Step 1: Database Schema Design

We need a dedicated table to store the events. We use PostgreSQL JSONB for the payload to allow schema flexibility for different event types.

-- 1. The Business Table
CREATE TABLE users (
    id UUID PRIMARY KEY DEFAULT gen_random_uuid(),
    email VARCHAR(255) UNIQUE NOT NULL,
    full_name VARCHAR(255) NOT NULL,
    created_at TIMESTAMP WITH TIME ZONE DEFAULT NOW()
);

-- 2. The Outbox Table
CREATE TABLE outbox (
    id UUID PRIMARY KEY DEFAULT gen_random_uuid(),
    aggregate_type VARCHAR(255) NOT NULL, -- e.g., 'USER'
    aggregate_id VARCHAR(255) NOT NULL,   -- e.g., The User UUID
    type VARCHAR(255) NOT NULL,           -- e.g., 'USER_CREATED'
    payload JSONB NOT NULL,               -- The actual event data
    created_at TIMESTAMP WITH TIME ZONE DEFAULT NOW()
);

Step 2: Writing the Transactional Code

Here is a rigorous implementation using Node.js and the pg library. We ensure that the user creation and the event recording happen inside a single BEGIN / COMMIT block.

import { Pool } from 'pg';
import { v4 as uuidv4 } from 'uuid';

const pool = new Pool({ /* connection config */ });

interface CreateUserRequest {
  email: string;
  fullName: string;
}

export async function createUserWithOutbox(data: CreateUserRequest) {
  const client = await pool.connect();

  try {
    // 1. Start the Transaction
    await client.query('BEGIN');

    // 2. Insert Business Data
    const userId = uuidv4();
    const insertUserQuery = `
      INSERT INTO users (id, email, full_name)
      VALUES ($1, $2, $3)
      RETURNING *;
    `;
    const userResult = await client.query(insertUserQuery, [
      userId, 
      data.email, 
      data.fullName
    ]);
    const newUser = userResult.rows[0];

    // 3. Insert Outbox Event (In the SAME transaction)
    const eventId = uuidv4();
    const eventPayload = {
      id: newUser.id,
      email: newUser.email,
      source: 'user-service'
    };

    const insertOutboxQuery = `
      INSERT INTO outbox (id, aggregate_type, aggregate_id, type, payload)
      VALUES ($1, $2, $3, $4, $5);
    `;
    
    await client.query(insertOutboxQuery, [
      eventId,
      'USER',              // Aggregate Type
      newUser.id,          // Aggregate ID (for Kafka partitioning)
      'USER_CREATED',      // Event Type
      JSON.stringify(eventPayload)
    ]);

    // 4. Commit the Transaction
    await client.query('COMMIT');
    
    return newUser;

  } catch (err) {
    // 5. Rollback on ANY failure
    await client.query('ROLLBACK');
    console.error('Transaction failed, rolling back:', err);
    throw err;
  } finally {
    client.release();
  }
}

At this stage, we have achieved atomicity. The event is safely stored in Postgres. Now we need to get it to Kafka.
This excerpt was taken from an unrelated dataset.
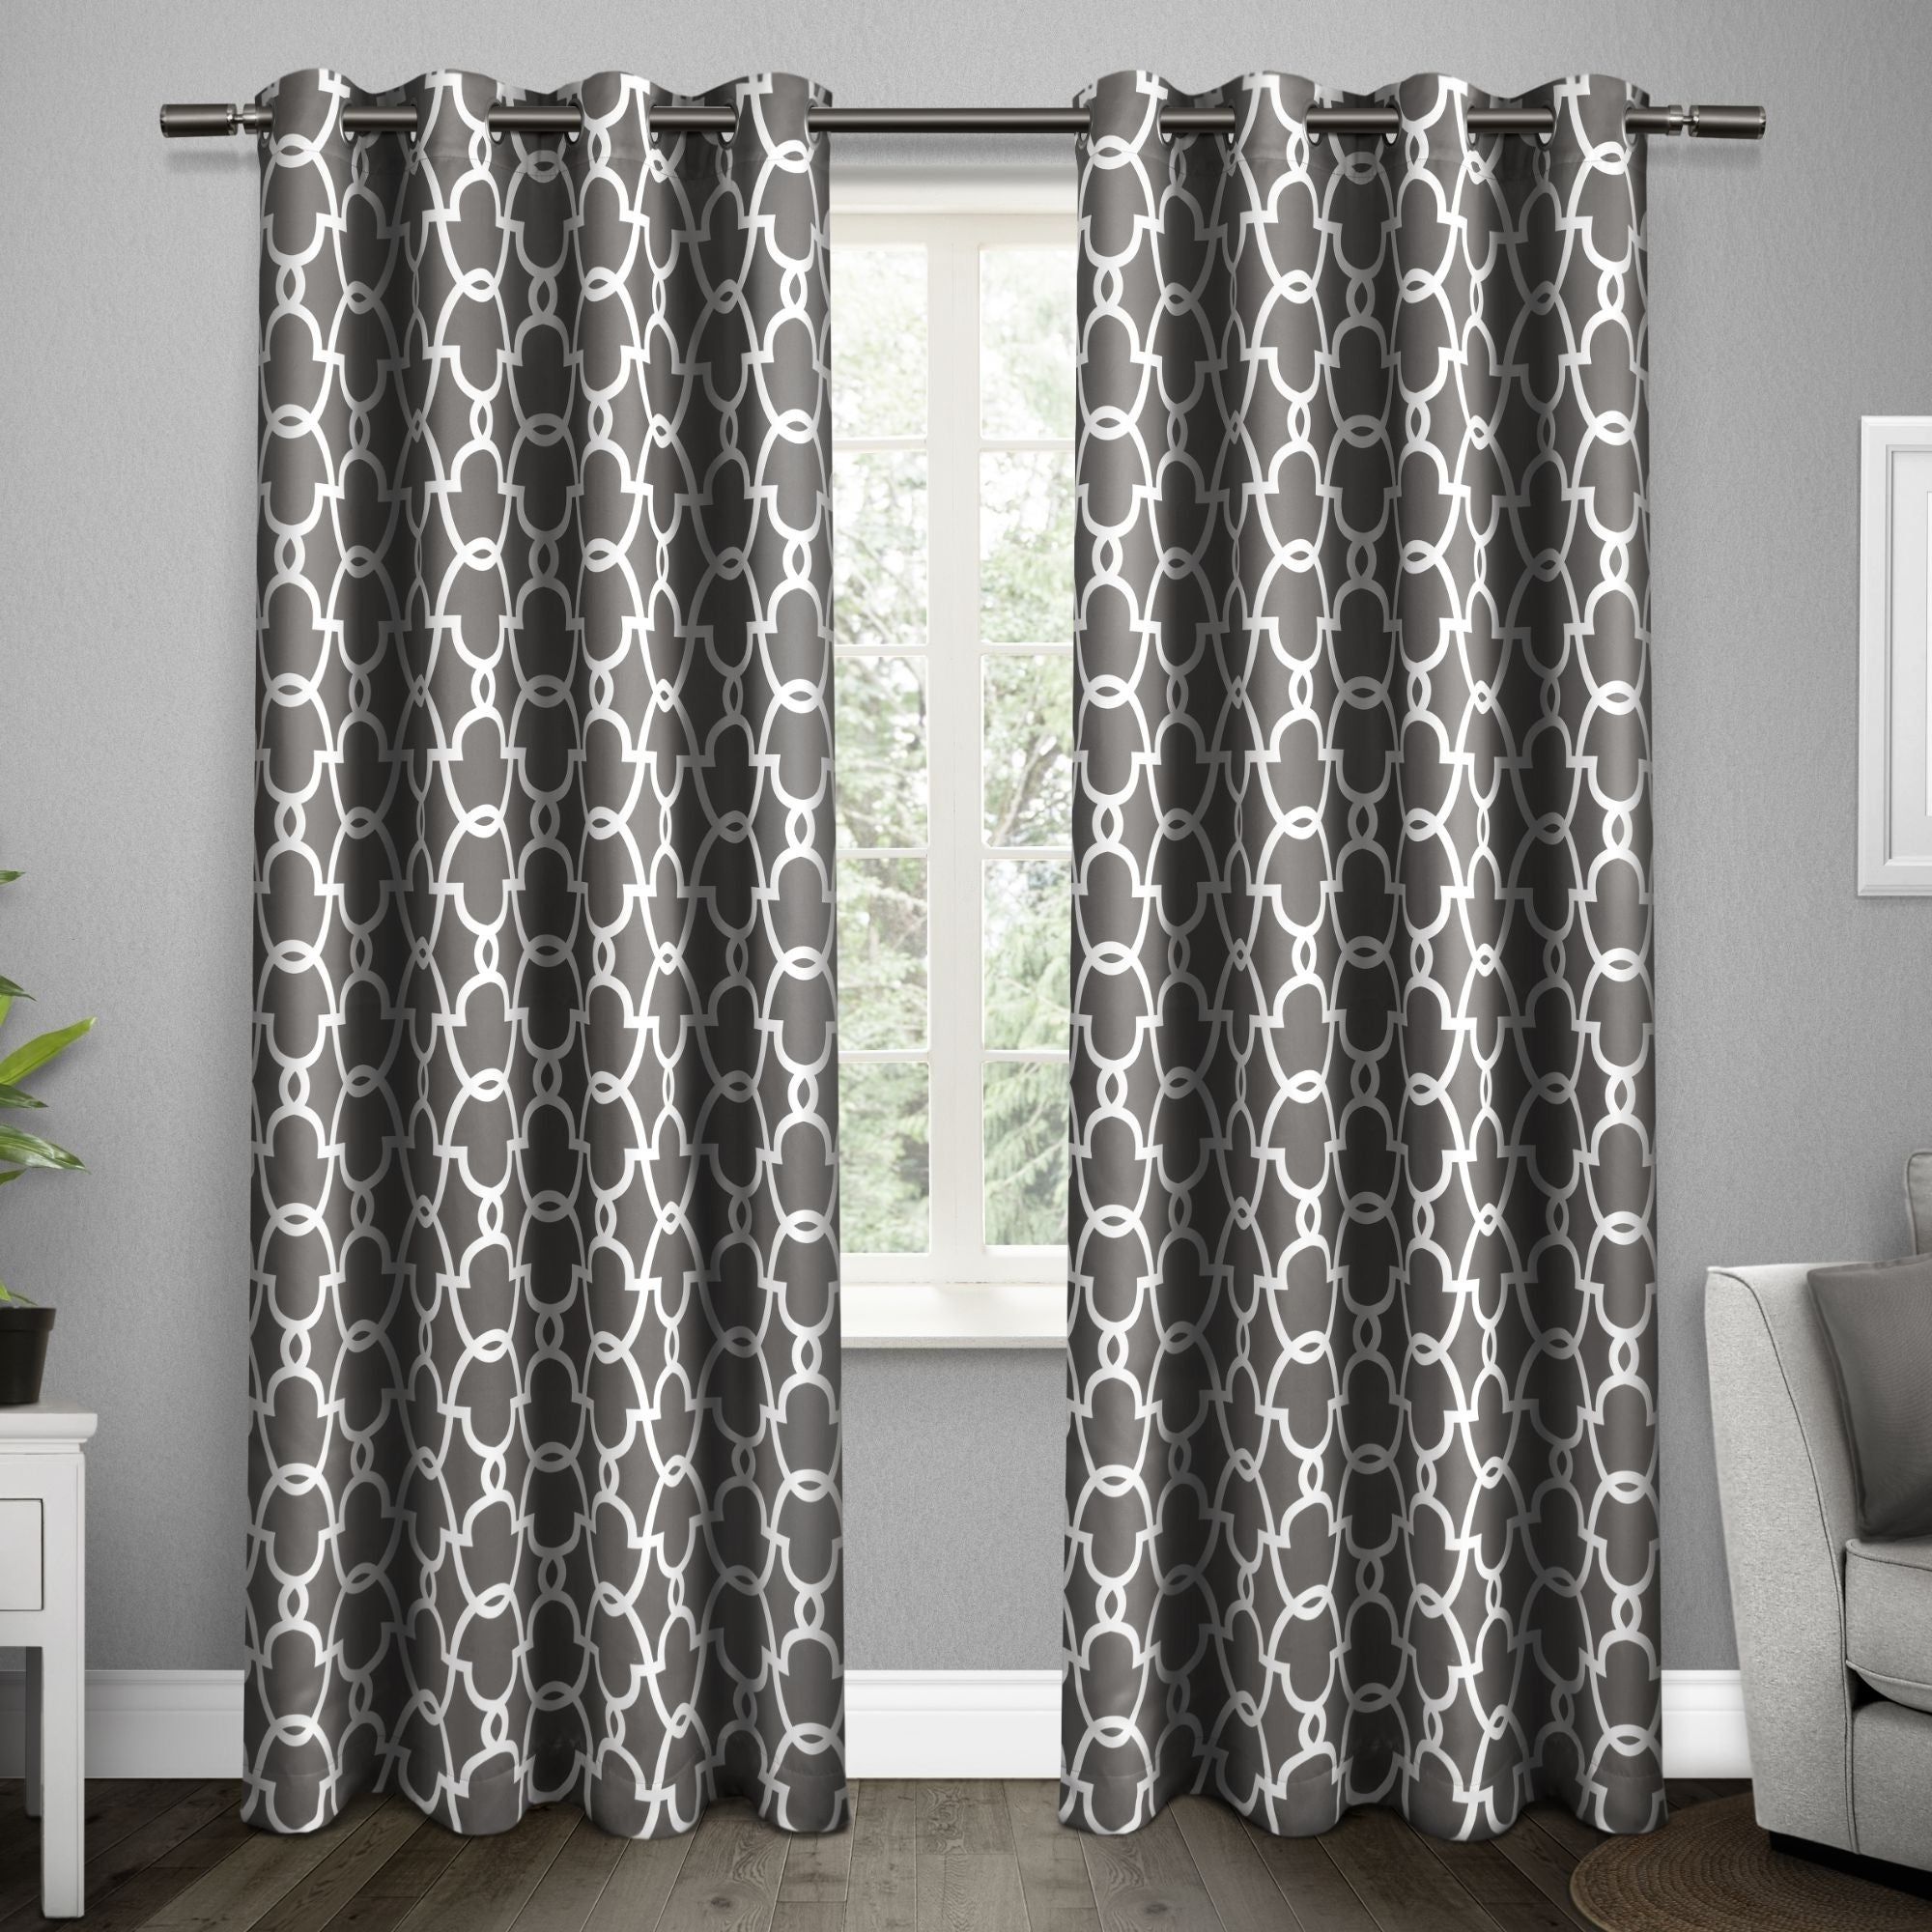 Fashionable The Curated Nomad Vicksburg Thermal Woven Blackout Grommet Top Curtain  Panel Pair Pertaining To The Curated Nomad Duane Blackout Curtain Panel Pairs (View 6 of 20)

Step 3: Configuring Debezium (CDC)

Instead of writing a custom poller to query the outbox table (which adds latency and load), we use Debezium running on Kafka Connect. Debezium taps into PostgreSQL's Write-Ahead Log (WAL). It sees the changes as they happen at the database level and streams them.

Prerequisite: Postgres Configuration

Your postgresql.conf must have wal_level set to logical:

wal_level = logical

Debezium Connector Configuration

Submit the following JSON configuration to your Kafka Connect cluster. This tells Debezium to watch the outbox table and stream inserts to a Kafka topic.

{
  "name": "outbox-connector",
  "config": {
    "connector.class": "io.debezium.connector.postgresql.PostgresConnector",
    "tasks.max": "1",
    "database.hostname": "postgres-db",
    "database.port": "5432",
    "database.user": "dbuser",
    "database.password": "dbpassword",
    "database.dbname": "microservices_db",
    "topic.prefix": "dbserver1",
    "plugin.name": "pgoutput",
    
    // Critical: Only capture the outbox table
    "table.include.list": "public.outbox",
    
    // Transform formatting to remove Debezium metadata wrappers
    "transforms": "outbox",
    "transforms.outbox.type": "io.debezium.transforms.outbox.EventRouter",
    "transforms.outbox.route.topic.replacement": "${routedByValue}",
    "transforms.outbox.table.field.event.key": "aggregate_id",
    "transforms.outbox.table.field.event.payload": "payload",
    "transforms.outbox.route.by.field": "type"
  }
}

Understanding the Configuration

table.include.list: We filter specifically for the outbox table. We don't want to stream the raw users table because that exposes internal database schema to external consumers.
transforms.outbox: This is the Debezium Outbox Event Router SMT (Single Message Transform). It is crucial.
- It takes the payload column from your table and makes it the actual Kafka message body.
- It takes the aggregate_id and makes it the Kafka Record Key (ensuring ordering by user ID).
- It routes the message to a specific topic based on the type column (or a static mapping).

Deep Dive: Why This Works

The "magic" here relies on the durability of the database log.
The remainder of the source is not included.